You are viewing a plain text version of this content. The canonical link for it is here.
Posted to user@hbase.apache.org by SyedShoaib <sh...@hotmail.com> on 2010/06/24 14:25:46 UTC

How to search and make indexes in ColumnFamilies with unknown columns ?

Hi,

I am new to HBase and have just worked on it for few days. I have two
questions. Any kind of help is fully appreciated and many thanks in advance.

1) Suppose I have a columnFamily with unknown number of columns. I want to
search a value in this columnFamily.
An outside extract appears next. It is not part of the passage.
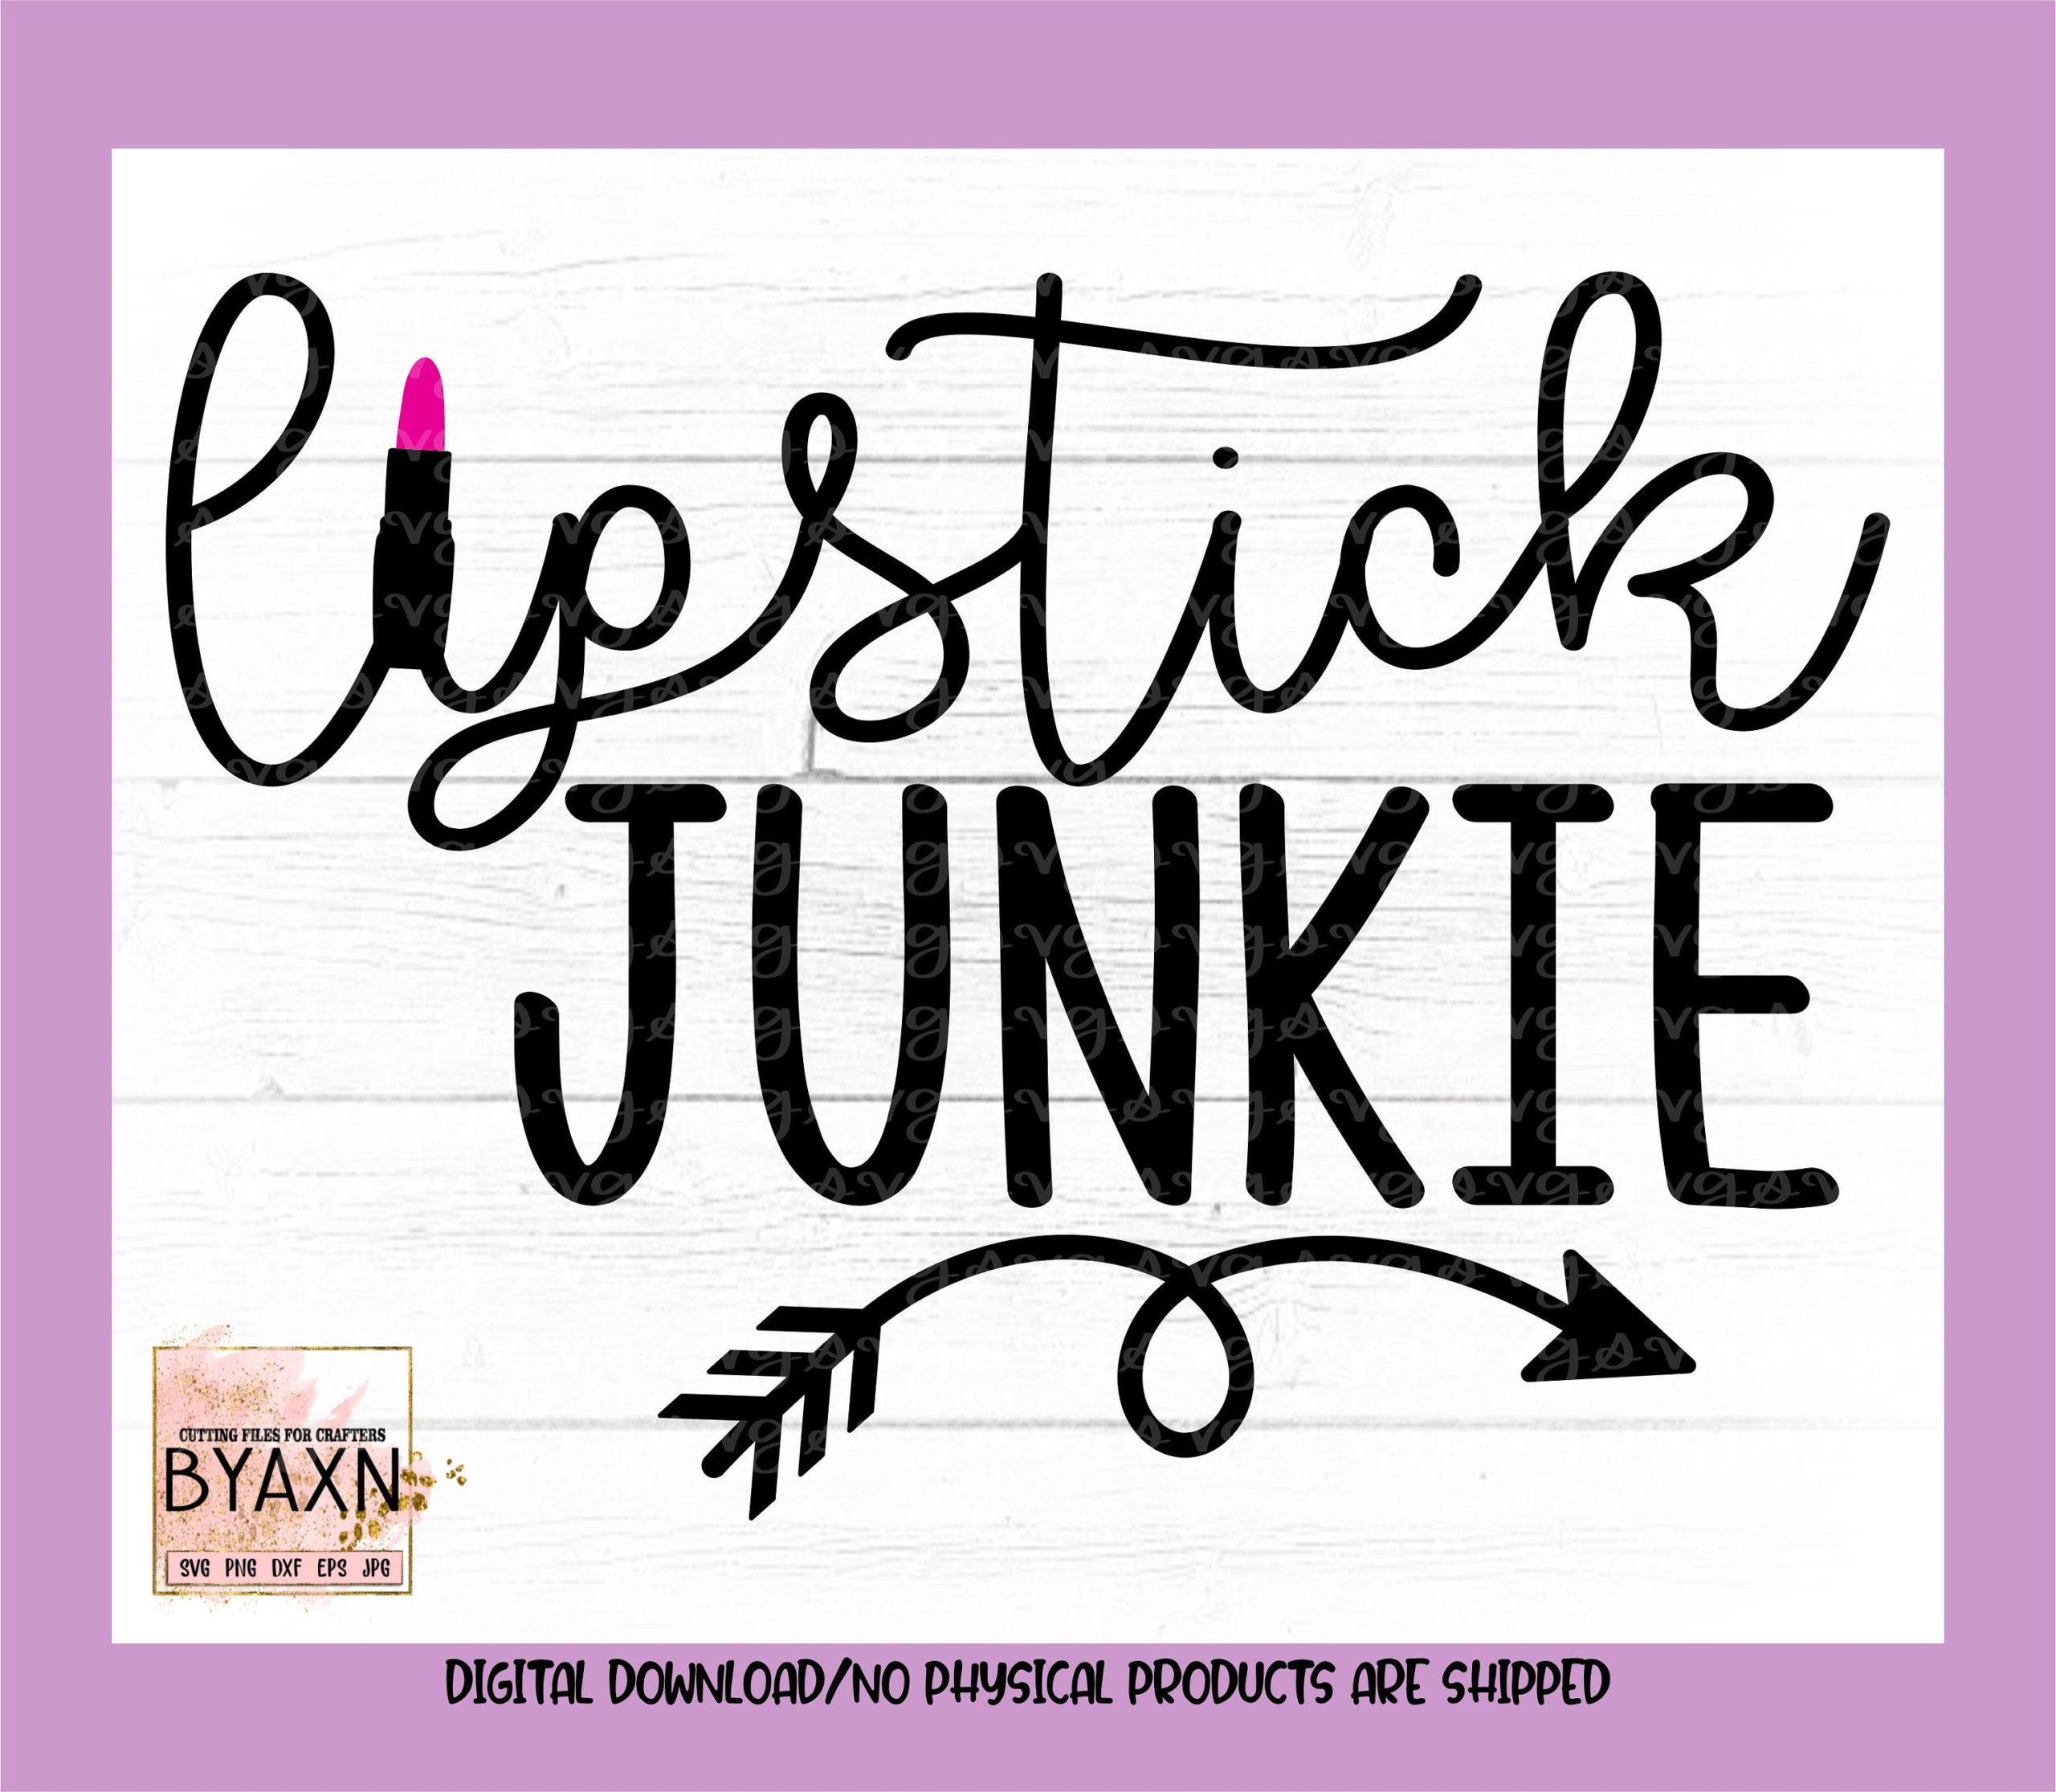 Makeup-svg-lipstick-junkie-svg-makeup-lipstick-addict-svg-makeup-lover-svg-mascara-svg-makeup-svg-design-makeup-cut-file-cricut-svg-60514cdc

That value can be present in any column
of this columnFamily. How will I search a value in whole columnFamily? For
further elaboration please consider a simple scenario: 

For example: A student can have any number of courses. Schema in HBase could
be:

Student_Courses  // Table Name
{
     Student:   // Column Family
     {
          ID:
          Name:
     }

     Courses:   // Column Family with any number of columns:
     {
         Course_1:  Maths
         Course_2:  Computer
         .
         .
         Course_n:  Science
     }
}

If I want to search all rows with a value “Maths” in any of the column
inside columnFamily “Course:” what will I do ? I can search for any value
through SingleColumnValueFilter  by mentioning ColumnFamily and Prefix e.g.
"Student:Name". But how will I search a value in "Course:" columnFamily
keeping the fact in mind that I dont know how many columns I have in it.
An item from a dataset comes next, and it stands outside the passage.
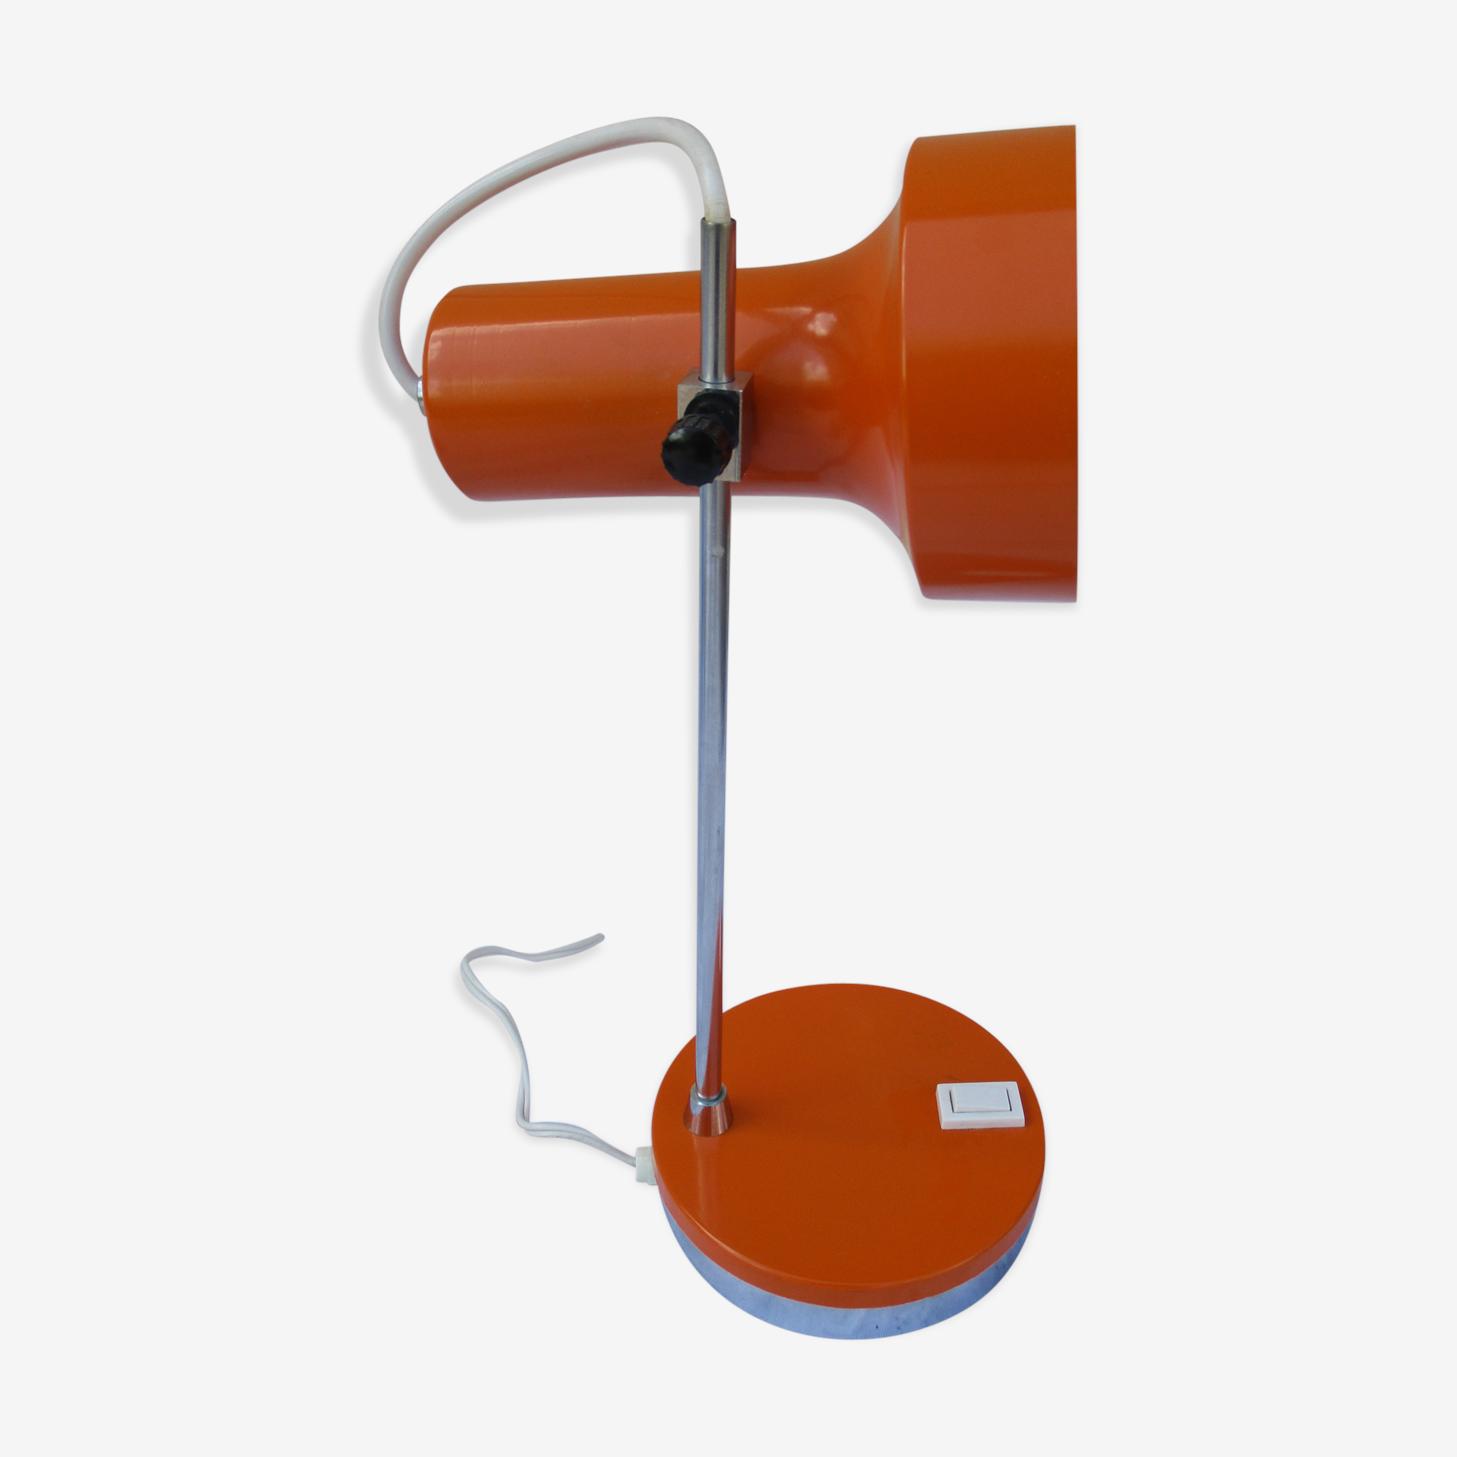 Office orange lamp vintage 70s

2) How will I make an index on this columnFamily (“Course:”) ? I know
indexes are made on columns but the columns are unknown in number!  I can
make an index on "Student:Name". But what to do if I want to make a single
index on complete “Courses:” ColumnFamily? Is it possible? It will help me a
lot during a search like SHOW ME ALL THE STUDENTS REGISTERED IN MATHS.

Regards,

-- 
View this message in context: http://old.nabble.com/How-to-search-and-make-indexes-in-ColumnFamilies-with-unknown-columns---tp28981932p28981932.html
Sent from the HBase User mailing list archive at Nabble.com.


Re: How to search and make indexes in ColumnFamilies with unknown columns ?

Posted by Raghava Mutharaju <m....@gmail.com>.
I had a similar problem. I made the column labels same as values i.e. the
data in both of them is the same.
For eg: perhaps you can use Course_Math_1 for both.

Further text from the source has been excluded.